Это попытка убить то, чем не владеют люди-крысы. Убить талант, чистоту и любовь.
Но это от Творца, и они не властны здесь. И потому убить не могут. Ведь все, что от Творца, до последнего дыхания с нами и ум, и красота, и сердце, и талант…
«…Благоговею, вспоминаю, творю — и этот свет на вашу слепоту я никогда не променяю!»Но если бы это была только слепота…
Но и это я пережил. Потому что, когда живешь ради дела, то все измеряешь им. Это дает пережить все, даже самое жестокое, даже предательство жены, дочери, друзей…
Я был шутом в ее глазах, потому что не загребал деньги там, где мог бы их грести лопатой.
Я был шутом, потому что никогда не интересовался, где она бывает и с кем встречается. Я думал, что мы делаем одно важное дело, и не допускал мысли, что предательство может быть здесь, в моем доме.
Я был шутом: мертвые руки от тренировок, а я сажусь за машинку. Ведь эти два занятия — «железо» и литература — несовместимы. Слишком чудовищным оказывается нервный расход. Да, было над чем глумиться, и впрямь «шизанутый»…
Я был шутом, поскольку нервы сдавали, работу ломил опасную, и ей не было конца. Наступали бессонницы, и измученность доводила до отупления.
Я был шутом, потому что верил в какие-то мечты, идеалы, когда все вокруг шли и брали «все от жизни».
Из-за нее я потерял дочь. Она во всем повторила мать. Взяв едва ли не все имущество, просторную квартиру, притворяться обездоленной и лгать всем, лгать, лгать…
Она в лицо мне кричала, как ненавидит меня. Господи, что я только не слышал!
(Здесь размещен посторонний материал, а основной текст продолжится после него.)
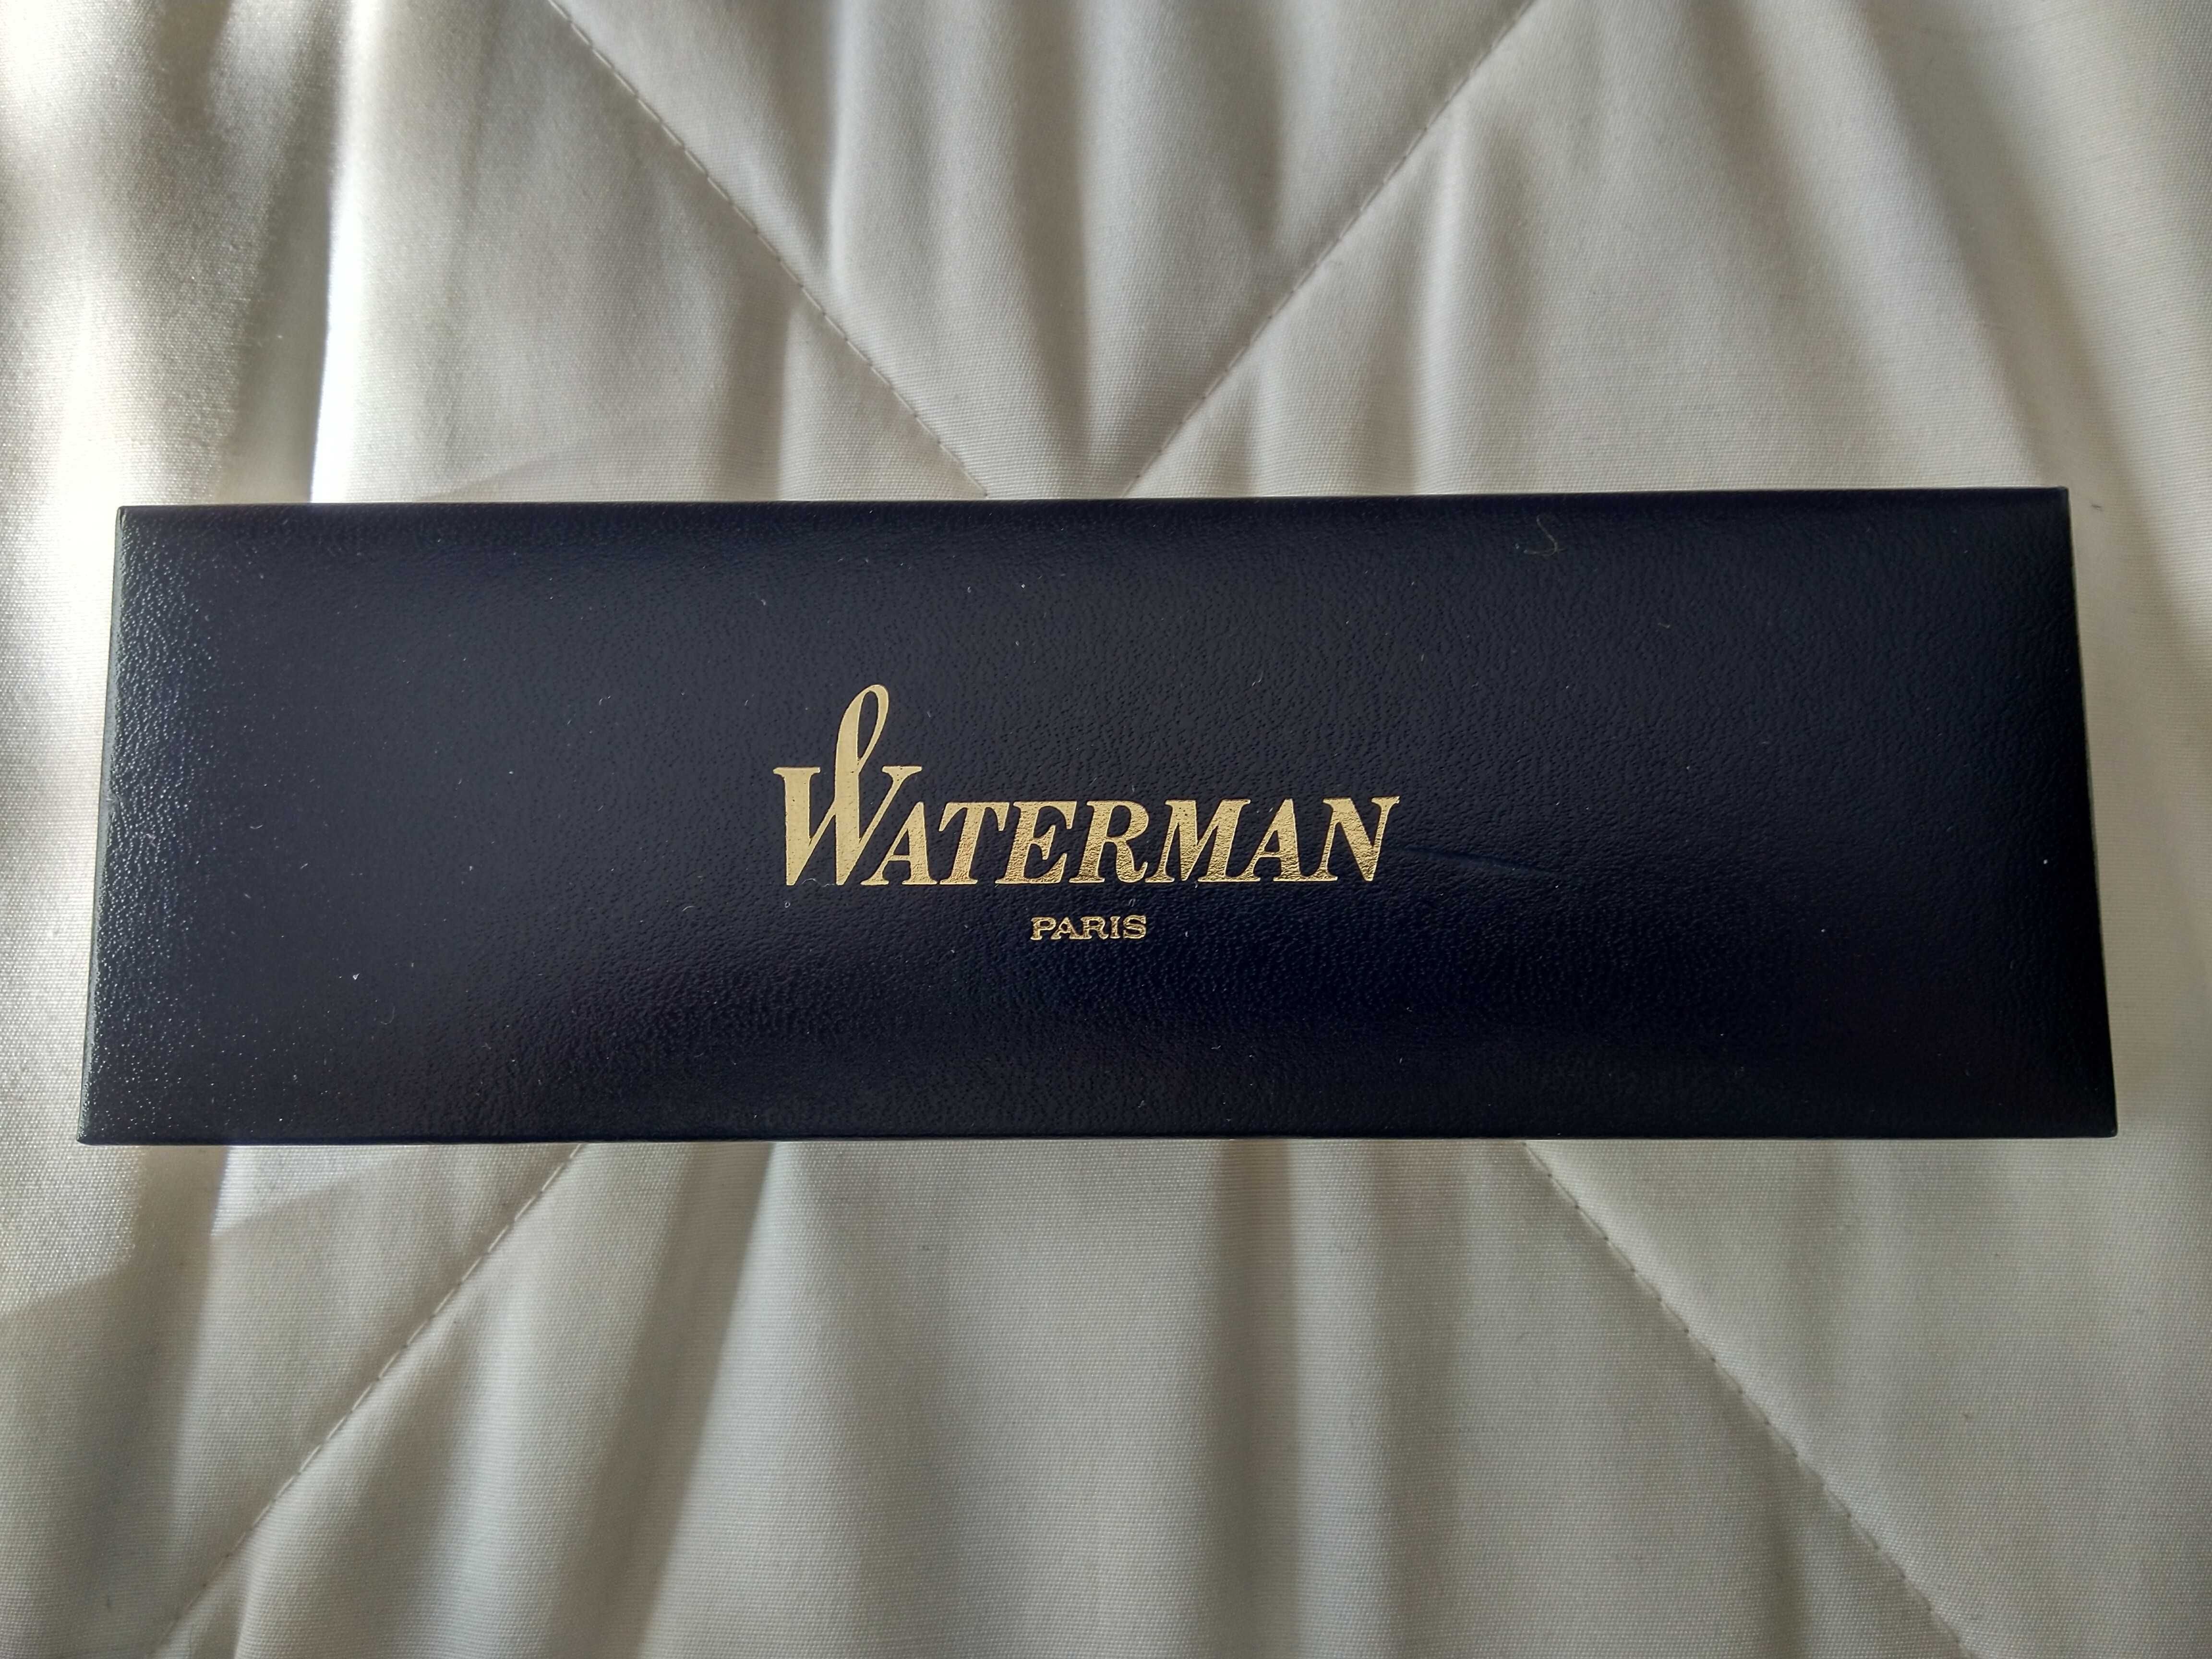 Caneta de tinta permanente Waterman Paris

Уже порвав со мной (точнее, я порвал с ней, что она тщательно скрывает) — продолжает спекулировать моим именем. Я настаивал, чтобы она сменила фамилию на фамилию матери, но она не сделала это. Не выгодно.
Крысы кормятся чужим трудом и получают свое «достоинство», истребляя другие жизни.
Каждый шаг их сопровождает ложь. Ложь и лесть они превратили в ремесло — и обманывают всех. Исключений нет.
Оборотень! Оборотни!..
Но и это я пережил.
Я по-прежнему исповедую любовь. Точнее, мне наконец выпало счастье любить. Я все-таки узнал, что это: родная, теплая, преданная жена. Я все-таки узнал, что такое любовь. Не случка, а любовь. Я узнал, что такое добрая дочка, дом, счастье каждый час быть вместе…
И вокруг больше нет стужи. Ведь стужа бывает только тогда, когда тебя не любят и притворяются, обманывают и лгут.
И я по-прежнему верю только в любовь. Если бы я не любил, я не смог бы жить в этой жизни. Только любовь дала мне силу выстоять и подойти к цели.
И теперь, для меня слились в одно целое — любовь и цель.
Они неделимы и не могут по отдельности существовать.
Большие рекорды, славу, достаток, высокое положение — все я отдал книгам. И не только отдал, но растоптал, стер, обесценил смыслом книг. Я пошел едва ли не против всех. Не я один, разумеется, но с теми немногими, которых и не разглядеть среди несметного моря людей.
Я готовился к бесчестию. Я готовился к нему, как великому, священному обряду. Я отказался от сытых этого мира — их убойного человеколюбия.